The weekly candle closed bearish, with a clear liquidity sweep from the sellers' and buyers' sides. However, the price is still within a consolidation zone, from where a breakout is needed before showing an impulse. 

On the daily price, an immediate bullish recovery is seen after the Non-farm payroll release, but the momentum is not strong enough to consider a trend change. 

Based on this outlook, the downside possibility will remain until a daily candle closes above the 0.6650 level, targeting the 0.6800 level.

The alternative approach is to look for a downside opportunity if the price closes below the 0.6550 level with a bearish rejection from the 20 EMA.


The stable price was seen above the dynamic level, where bulls were the ultimate winner. However, a downside correction is pending where the structure is still bullish.


The Bank Of Japan took some action to strengthen the JPY but failed. However, a corrective price action was seen in the latest week, where more selling pressure may come in the coming days.

In the daily price, the current price is trading above the dynamic 20 EMA, while the 100-day SMA is working as a major support. Moreover, the 14-period Relative Strength Index (RSI) remains steady above the neutral 50.00 line, which is a sign of a strong bullish trend.

Based on the current market structure, any bullish rejection with a false break from the 20 EMA could be a buying opportunity, targeting the 144.00 level. However, a strong bearish candle below the 140.00 level could be a red signal for bulls, which can lower the price toward the 138.00 area.


XAU/USD remained sideways within the channel, where a strong breakout is needed before following the weekly bullish trend.


The current Relative Strength Index on the daily XAU/USD price remains below the 50.00 line, while the latest price action shows strong buying pressure after the Nonfarm payroll release.

On the daily chart, the current price is trading below the 20 EMA and 100-day SMA levels, which is a sign of an active seller’s presence in the market.
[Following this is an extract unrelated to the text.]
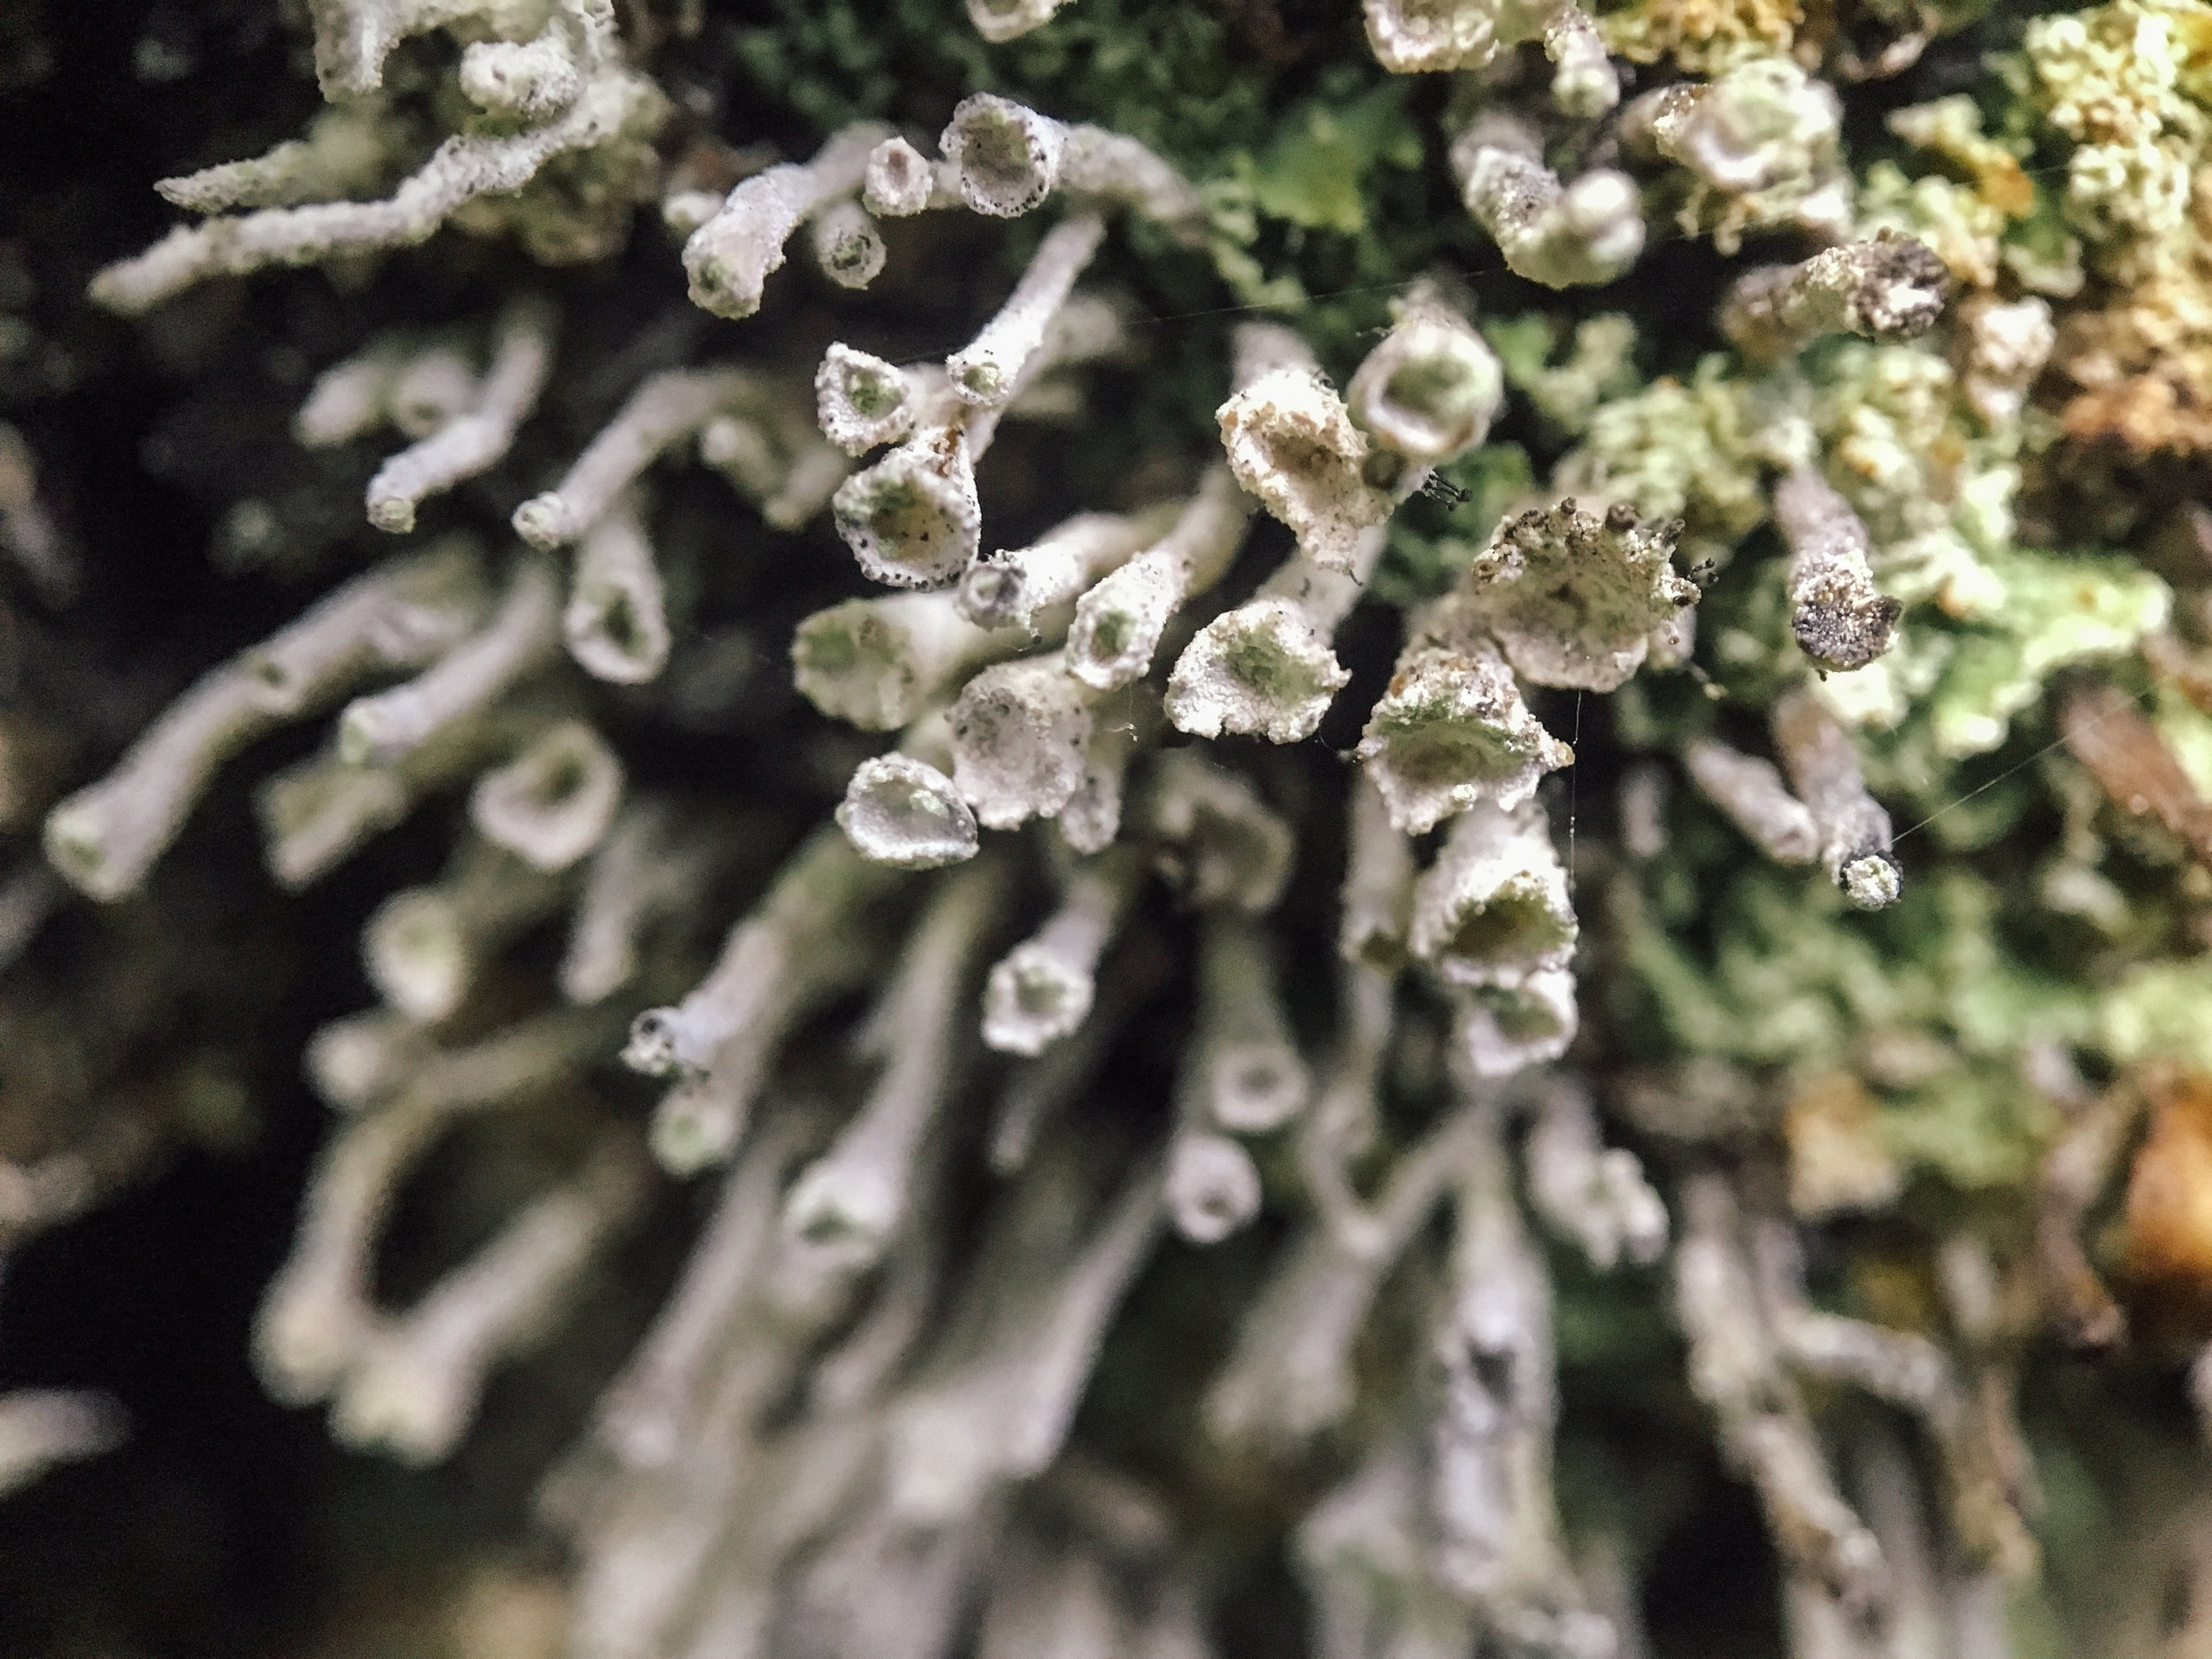 A cluster of "Cladonia" lichens, potentially the "Cladonia Fimbriata" or Trumpet Lichen type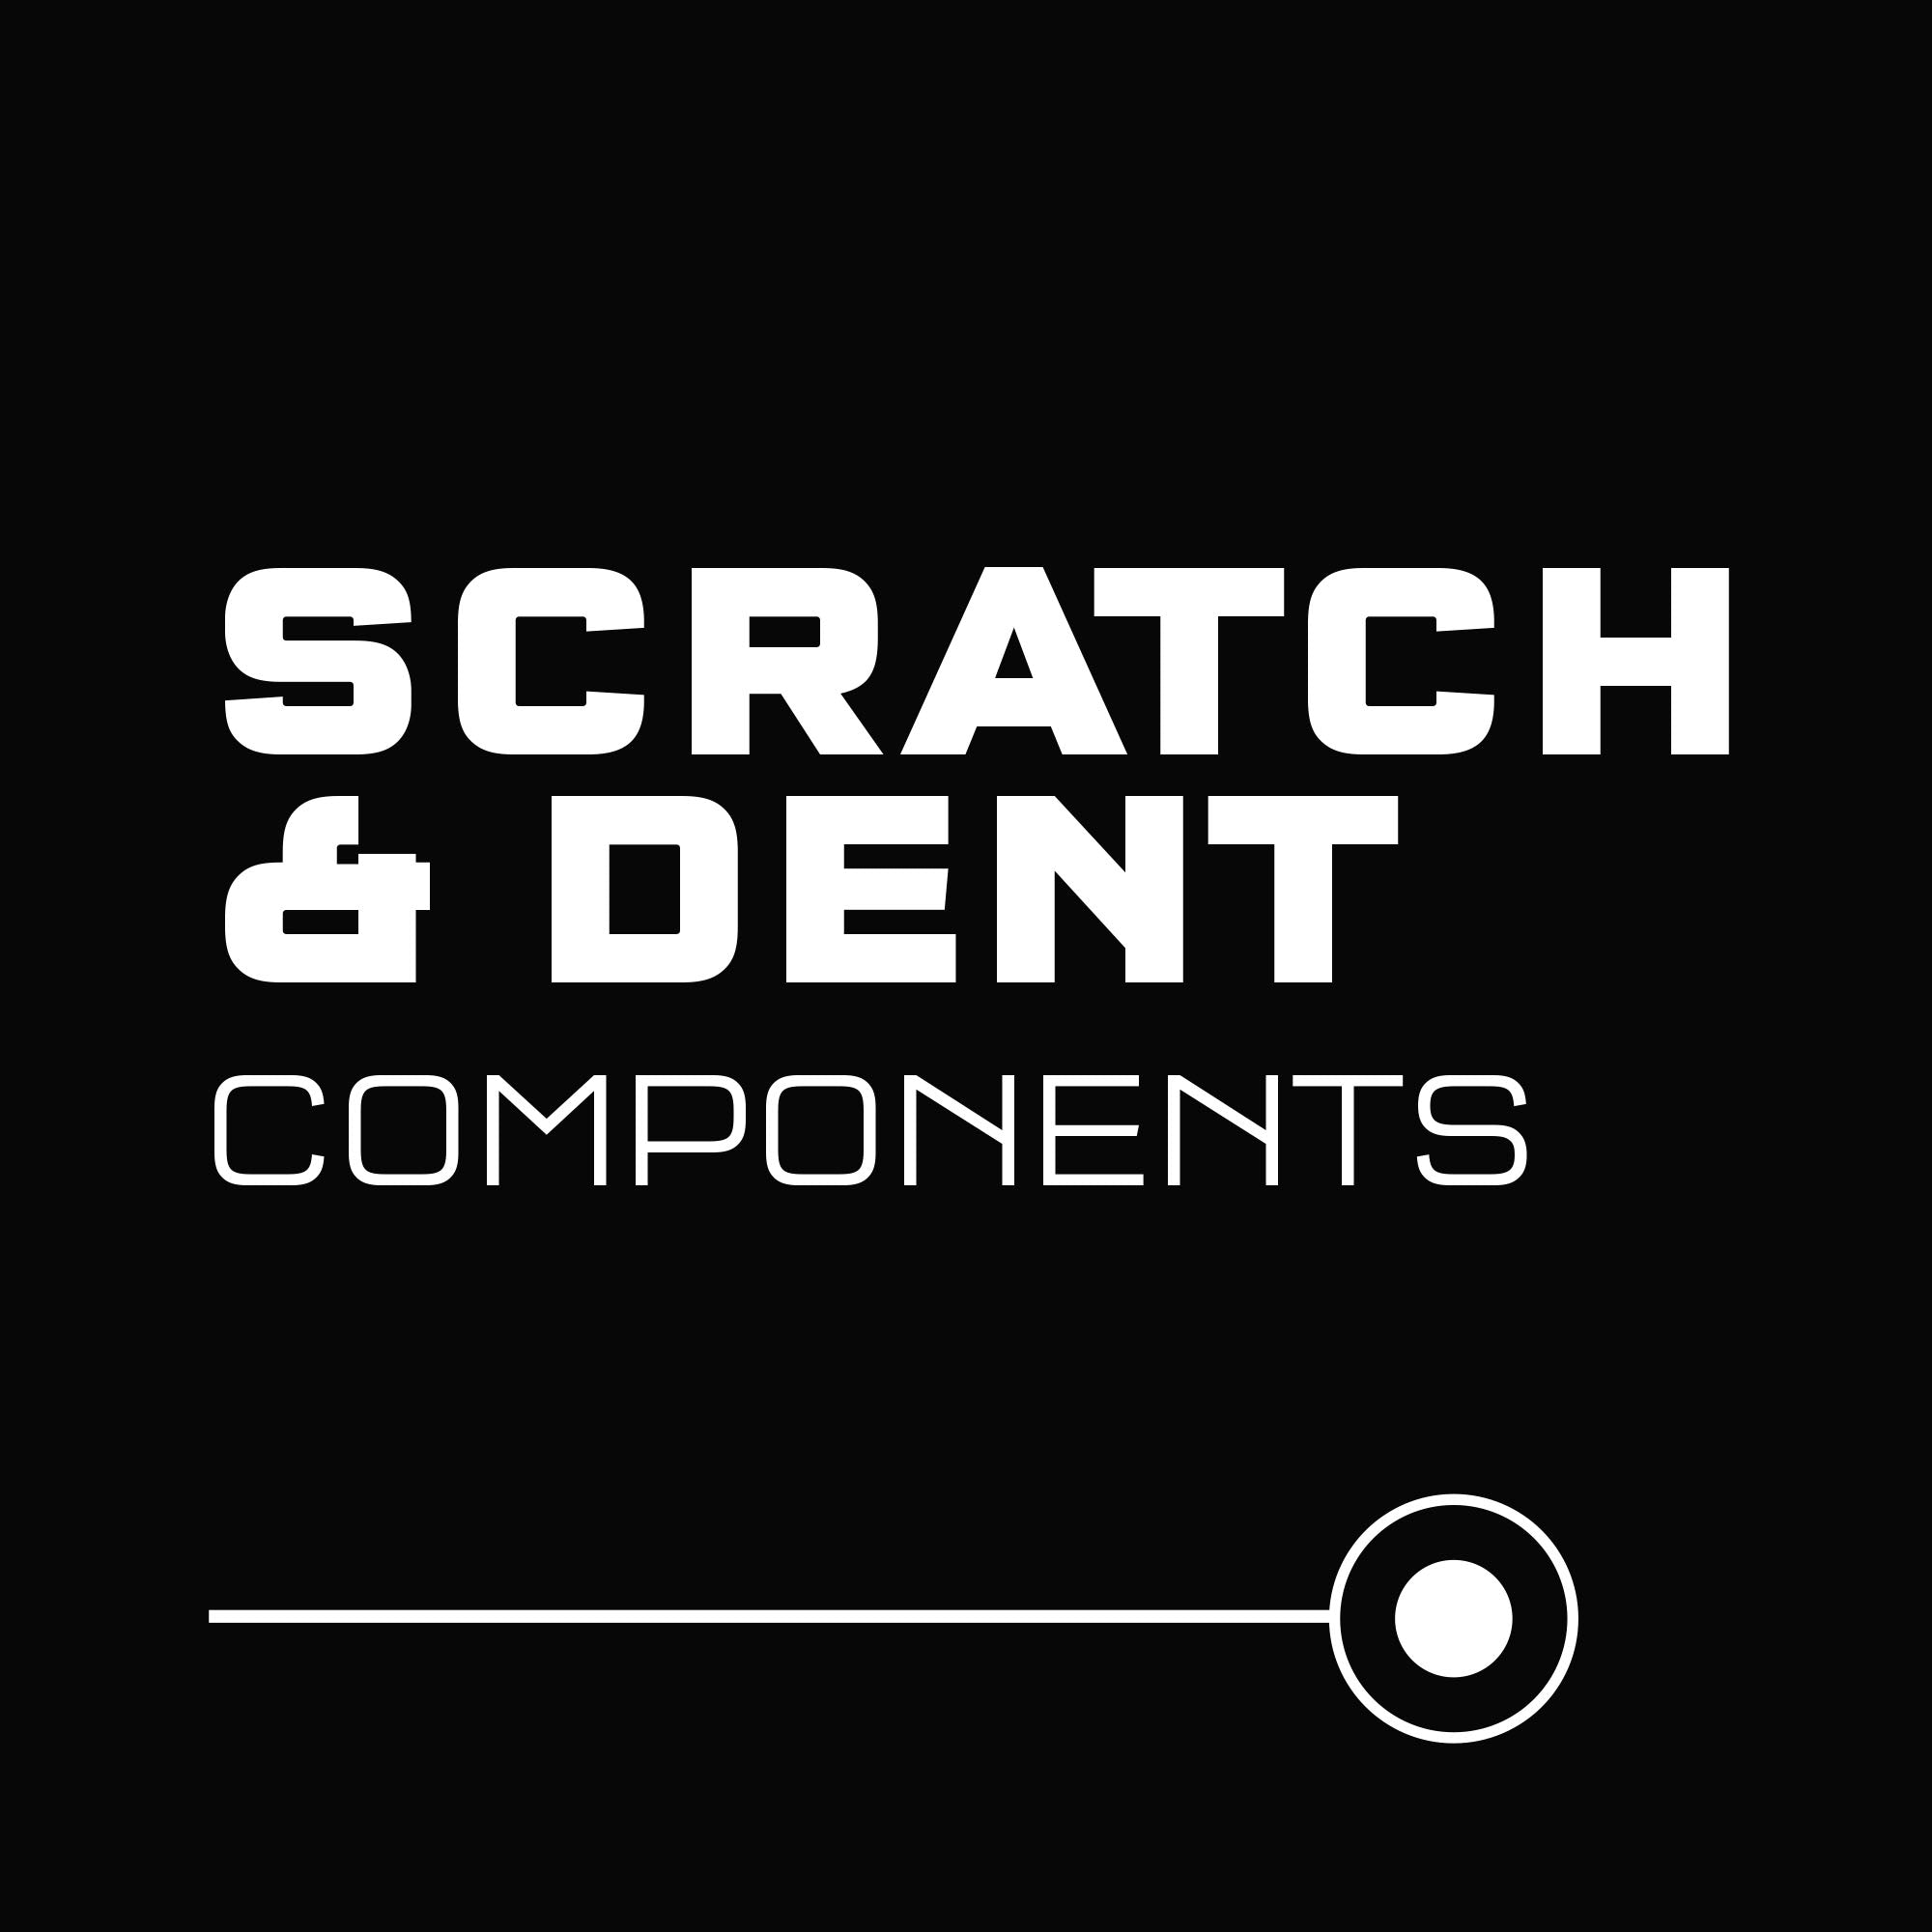 SCRATCH & DENT COMPONENTS

As per the XAU/USD weekly outlook, a stable price above 1950.00- 1955.00 is needed before forming a solid bullish trend. In that case, a buying possibility could open, where the main aim is to test the 1975.00 level. Moreover, a D1 candle above the 1965.00 level could flip the monthly candle with a strong bullish trend continuation opportunity.

On the bearish side, the 1920.00 static support level could be the immediate support level. A bearish D1 candle below this level could lower the price toward the 1910.00 level before moving toward the 1900.00 psychological level. 


Bitcoin's current trading price is hovering near a six-week nadir not seen in the preceding two months. Following the publication of July's US Non-Farm Payrolls (NFP) data, the asset managed to maintain a price above 29,000, indicating a possible August price recovery.

The US NFP figures for July fell short of market participants' expectations, totaling 187,000, while the unemployment rate decreased to 3.5%. This change in macroeconomic conditions appears to be favorable for risk assets; however, the complete impact on the US Dollar's selling pressure remains to be seen.

After six weeks of consistent decline, Bitcoin's price is attempting a recovery toward the 30,000.00 threshold. Investors have anxiously anticipated a catalyst for the asset, such as the US Securities and Exchange Commission's approval of a spot Bitcoin Exchange Traded Fund (ETF). However, Bitcoin's ability to resume its upward momentum has been hampered by the persistent uncertainty surrounding US regulations and the regulatory assault on cryptocurrencies.

Despite difficulties in the DeFi sector and increased regulatory scrutiny on cryptocurrency exchanges, the US economy created 187,000 Non-Farm Payroll jobs in July.


The trajectory of Bitcoin's price over the past few months has been upward. However, a distinct breach below 27,700.00 would signal a possible shift toward a bearish trend. 

The intersection of the 10-day and 50-day Exponential Moving Averages (EMAs) are spotted at the 27,300.00 level, representing a significant resistance point for BTC's price on the below-price chart.

After the Non-farm payroll, investors might expect a lighter week, where the CPI would be the main focus.